Quickest way to access & compare huge data in Python-CodePudding

I am a newbie to Pandas, and somewhat newbie to python

I am looking at stock data, which I read in as CSV and typical size is 500,000 rows. The data looks like this

''' '''

I need to check the data against itself - the basic algorithm is a loop similar to

Row = 0

x = get "low" price in row ROW
y = CalculateSomething(x)
go through the rest of the data, compare against y

if (a):
     append ("A") at the end of row ROW  # in the dataframe
else
    print ("B") at the end of row ROW 

Row = Row  1

the next iteration, the datapointer should reset to ROW 1. then go through same process each time, it adds notes to the dataframe at the ROW index

I looked at Pandas, and figured the way to try this would be to use two loops, and copying the dataframe to maintain two separate instances

The actual code looks like this (simplified)



df = pd.read_csv('data.csv')
calc1 = 1  # this part is confidential so set to something simple
calc2 = 2  # this part is confidential so set to something simple

def func3_df_index(df):
    dfouter = df.copy()

    for outerindex in dfouter.index:
        dfouter_openval = dfouter.at[outerindex,"Open"]

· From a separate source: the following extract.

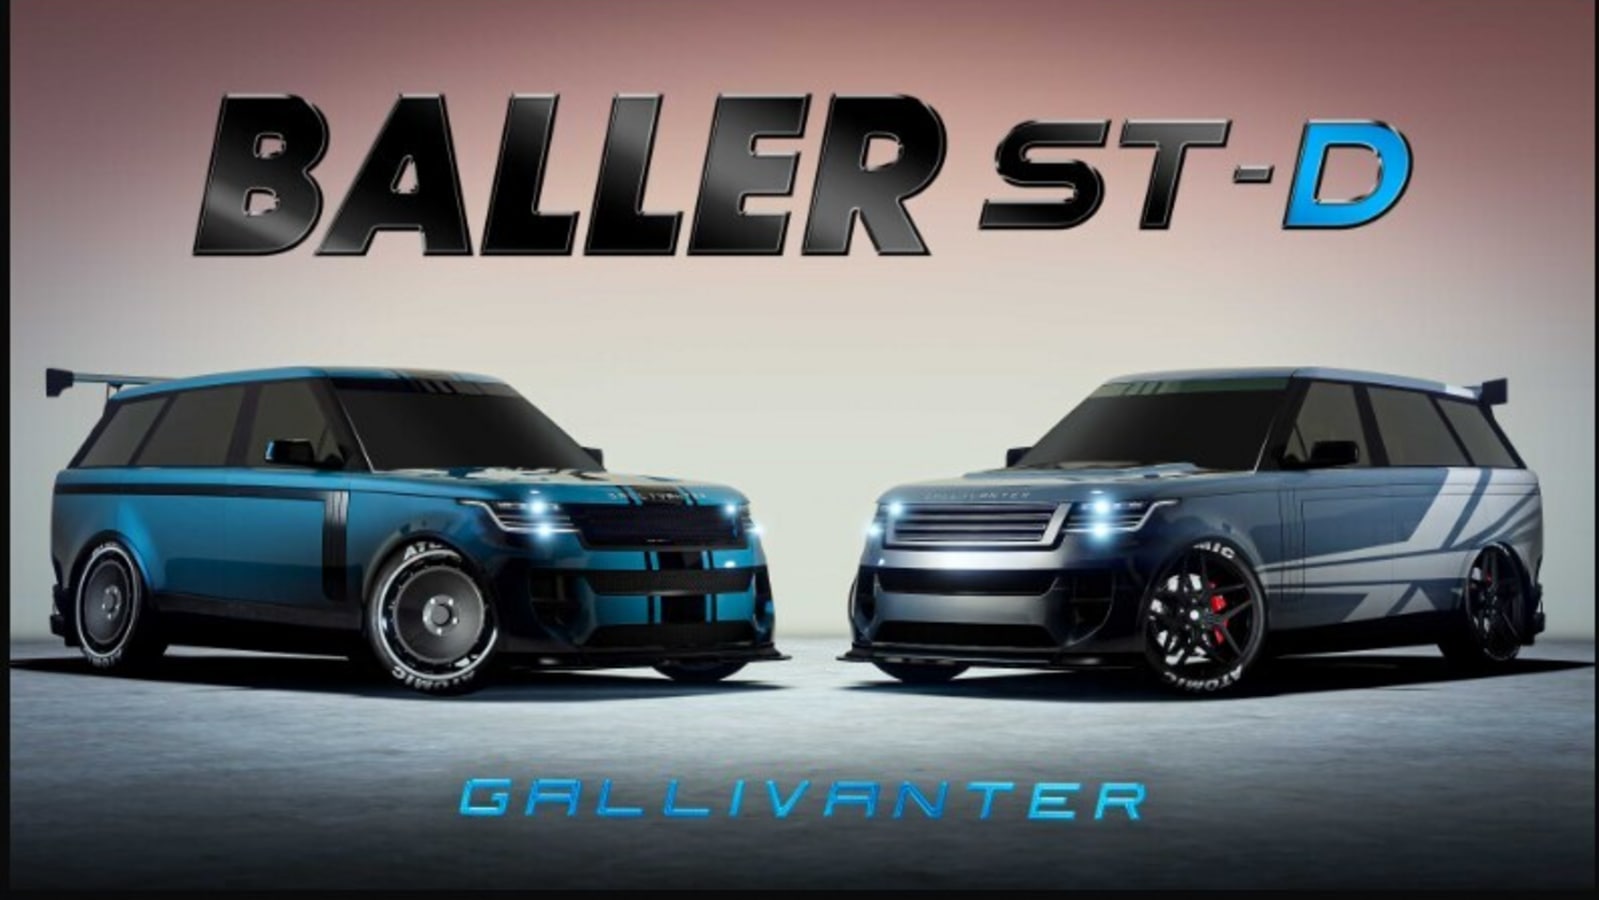 Rockstar Games introduces Gallivanter Baller ST-D SUV to GTA Online in latest update
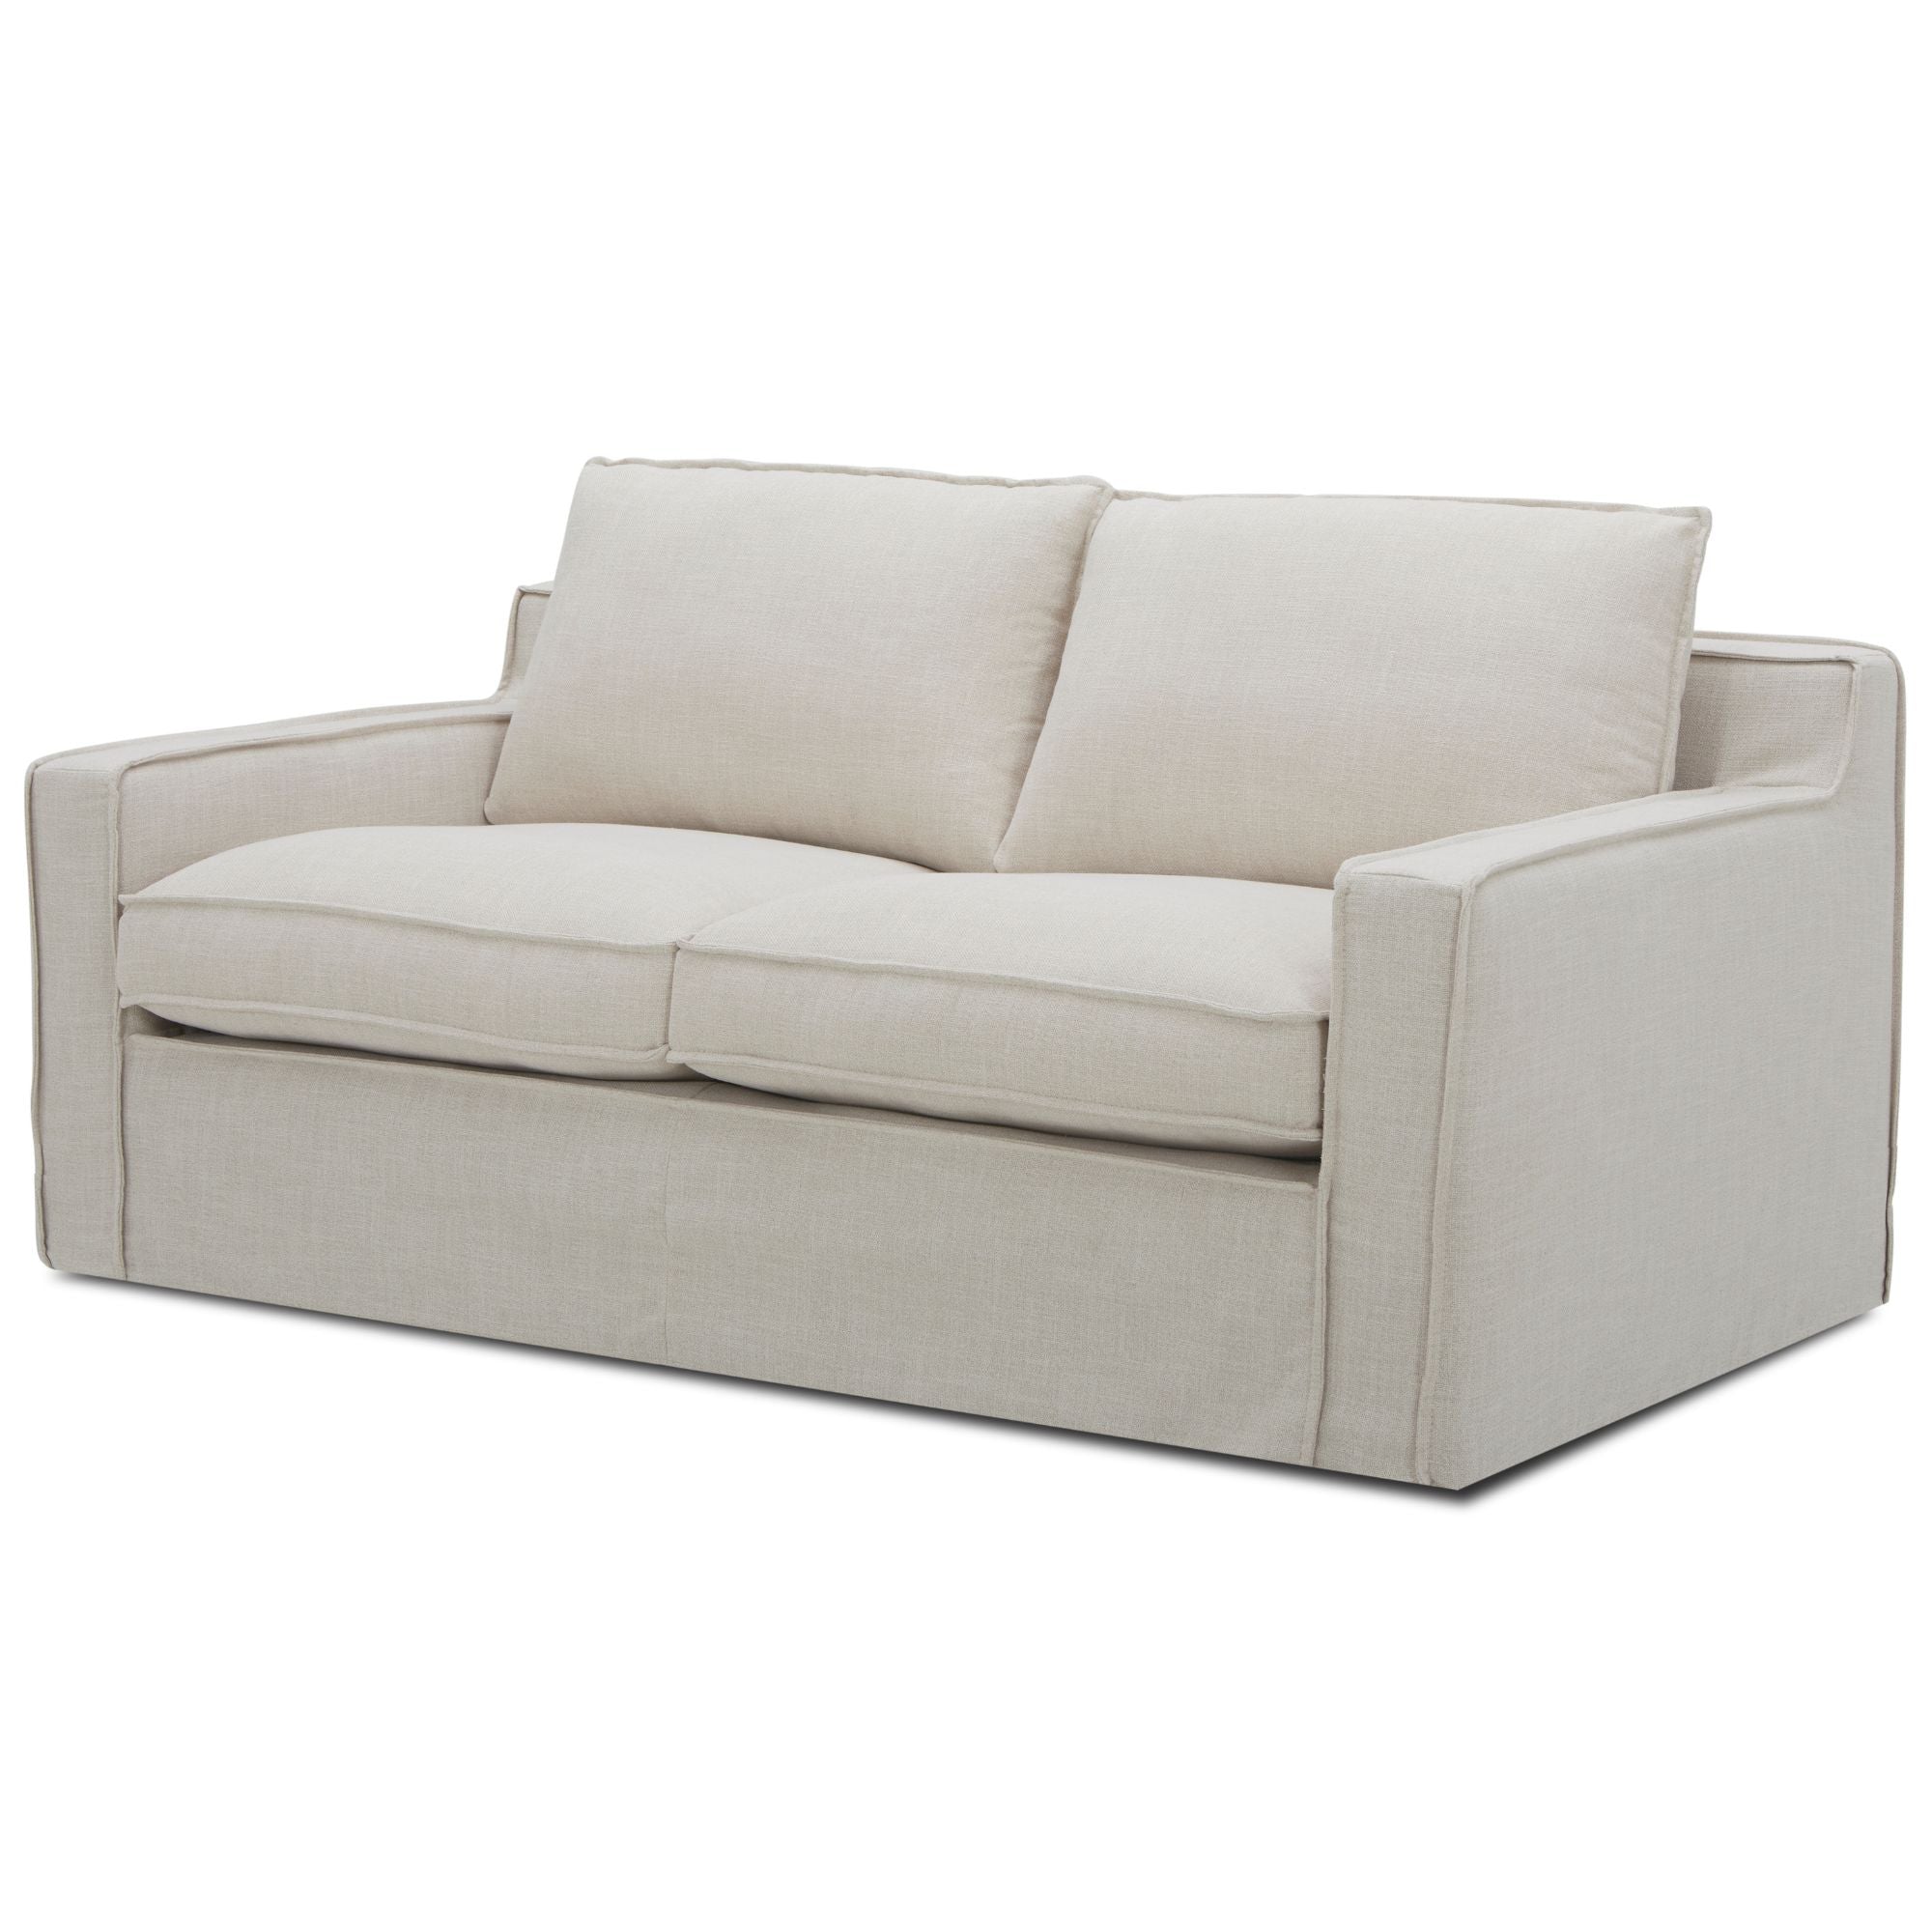 Plushy 2 Seater Sofa Fabric Uplholstered Lounge Couch - Stone

        for index in df.index:
            if (df.at[index,"Low"] <= (calc1)  and (index >= outerindex)) :
                dfouter.at[outerindex,'notes'] = "message 1"
                break
            elif (df.at[index,"High"] >= (calc2) and (index >= outerindex)):
                dfouter.at[outerindex,'notes'] = "message2"
                break
            else:
                dfouter.at[outerindex,'notes'] =  "message3"

this method is taking a long time (7 minutes ) per 5K - which will be quite long for 500,000 rows. There may be data exceeding 1 million rows

I have tried using the two loop method with the following variants:

using iloc - e.g df.iloc[index,2]
using at   - e,g df.at[index,"low"]
using numpy& at - eg  df.at[index,"low"] = np.where((df.at[index,"low"] < ..."

The data is floating point values, and datetime string.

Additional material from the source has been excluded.